When you map the MDL to user space the process should be stored in
MDL->Process. Maybe you can use that to attach.

I looked at MiUnmapLockedPagesInUserSpace and it doesn’t appear to use
MDL->Process even though that might have been the logical thing.

Regards,

Rossetoecioccolato.

wrote in message news:xxxxx@ntdev…
> Hi,
>
> I need to use MmUnmapLockedPages on memory mapped to user mode in an
> EvtIoCanceledOnQueue routine. The memory is mapped when I receive an
> ioctl from an user mode program. My problem is, how do I ensure that
> this gets called in the same context that it was mapped in?

You’re using wrong approach to kernel-user shared memory.

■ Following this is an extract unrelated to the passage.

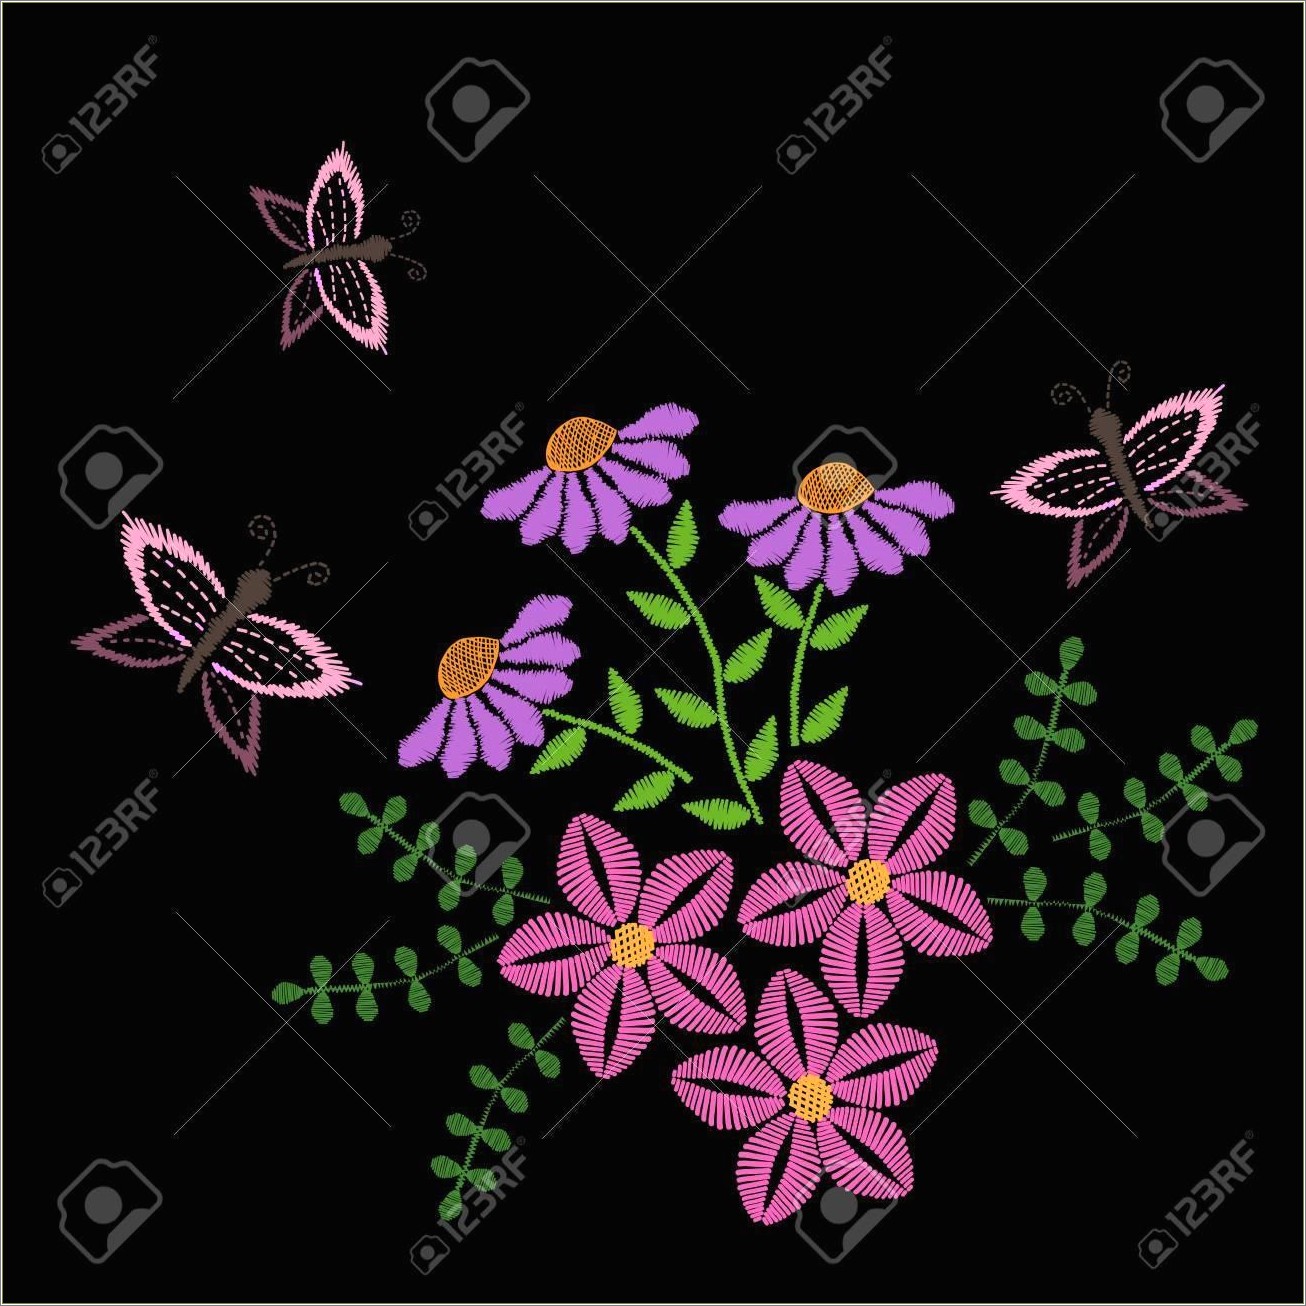 Free Embroidery Templates Floral With Butterflies

The best method is to have an IOCTL of METHOD_OUT_DIRECT. The buffer will be locked and mapped to kernel mode space by the IO manager for you. Your driver should pend the IRP and set the cancel routine for it. This buffer will be locked and accessible by both user mode app the the driver. When you want to unmap it, complete the IRP. That’s it.

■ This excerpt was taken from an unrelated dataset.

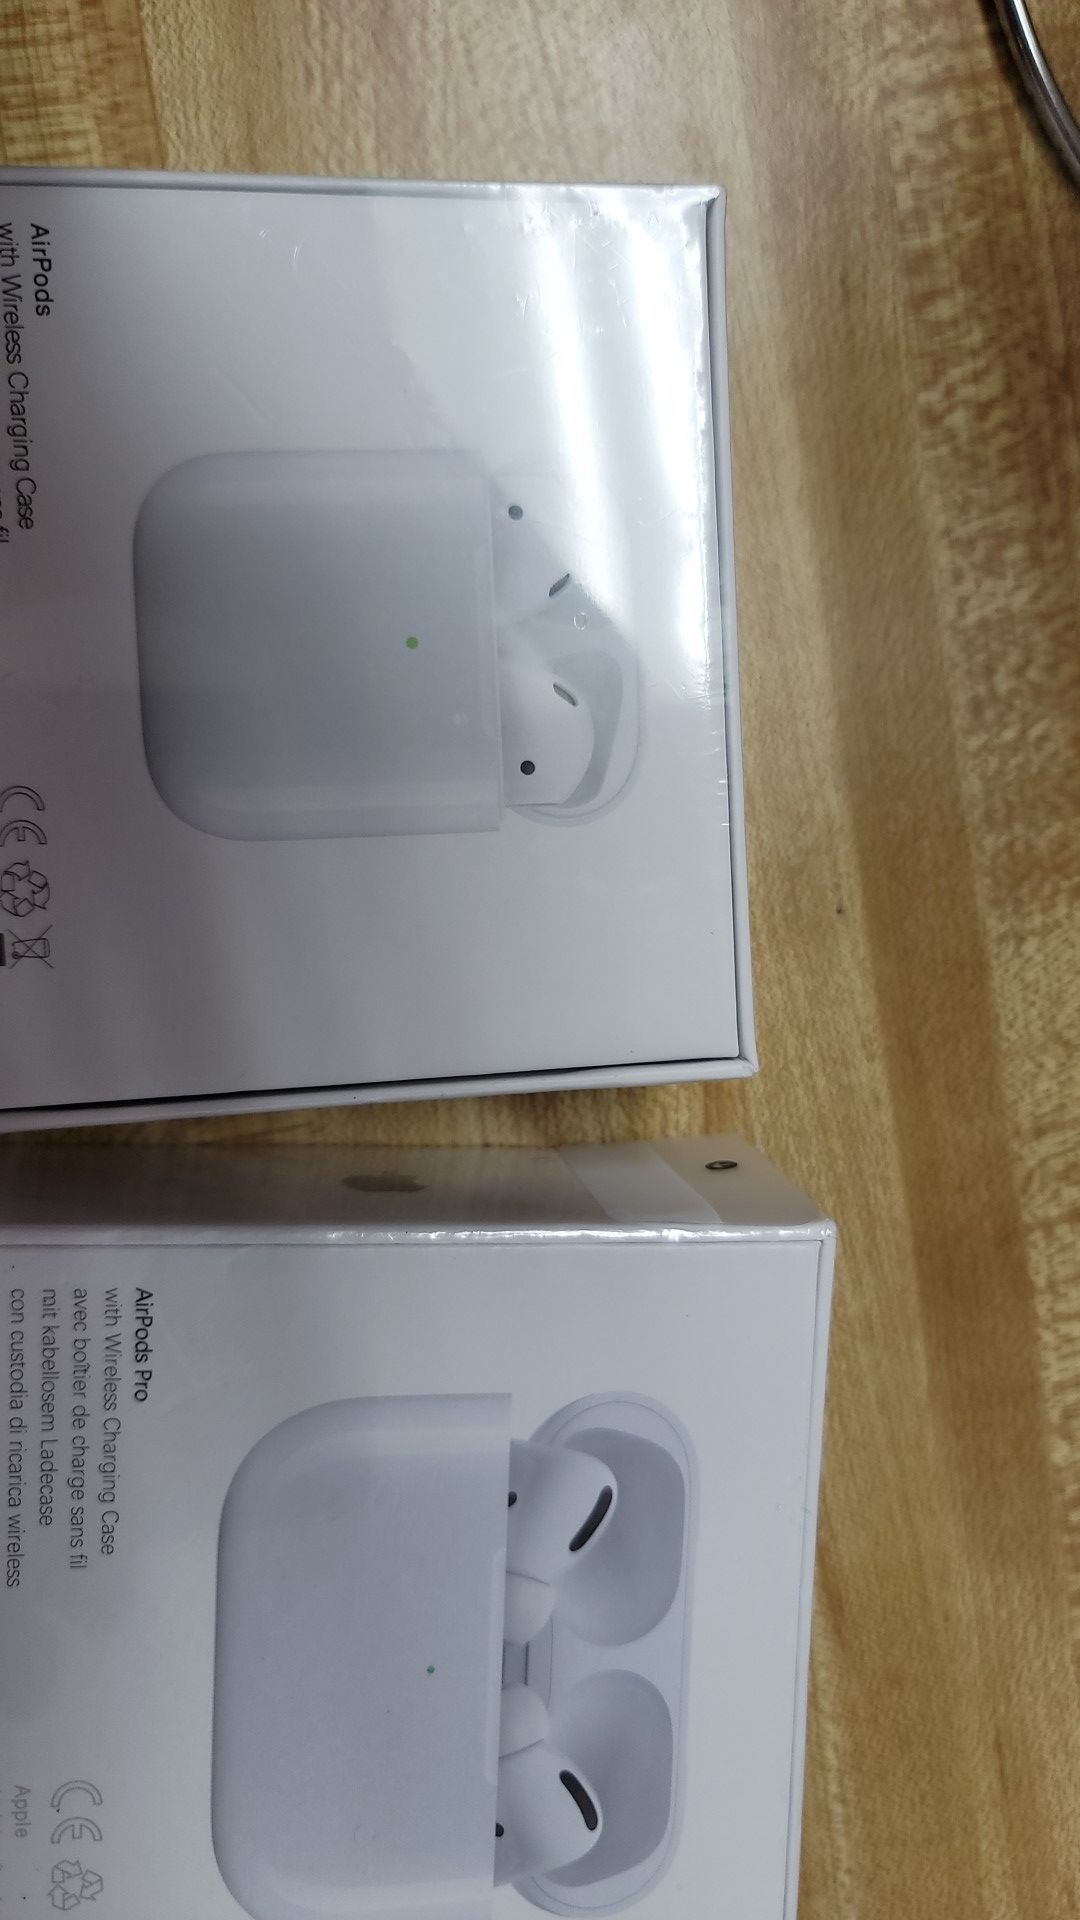 Air pod's 2nd generation an Pro's new in the box plastic cover

> I think you can handle these cases by checking PsGetCurrentProcess()

when you receive IRP_MJ_CLEANUP and if it doesn’t match what you
expect, using KeStackAttachProcess to attach to the right process
before unmapping the pages. <

I think that the general concept of keeping an open handle to the driver and
then unmapping the process pages in IRP_MJ_CLEANUP is a good one for the
case where the process returned by PsGetCurrentProcess() and the process
with the mapped pages are the same. You lost me with the part about calling
KeStackAttachProcess() for a foreign process from IRP_MJ_CLEANUP. In my
experience calling KeStackAttachProcess() on a process that is exiting can
hang the calling thread indefinitely. At a minimum the OP would need to
acquire rundown protection on the third party process before calling
KeStackAttachProcess(). A better approach would be for each process to
maintain an open handle to the driver and then manage its own locked pages
in IRP_MJ_CLEANUP.

We still don’t know why the OP needs to map the kernel pages into a user
process. Often there is a better solution without so many problems.

Regards,

Rossetoecioccolato.

IRP_MJ_CLEANUP approach will fail miserably if for some reason the handle gets duplicated to another (child) process. The original process may be terminated, but the FILE_OBJECT will still have a handle. Prepare for a BSOD.

Use a DIRECT IOCTL approach instead.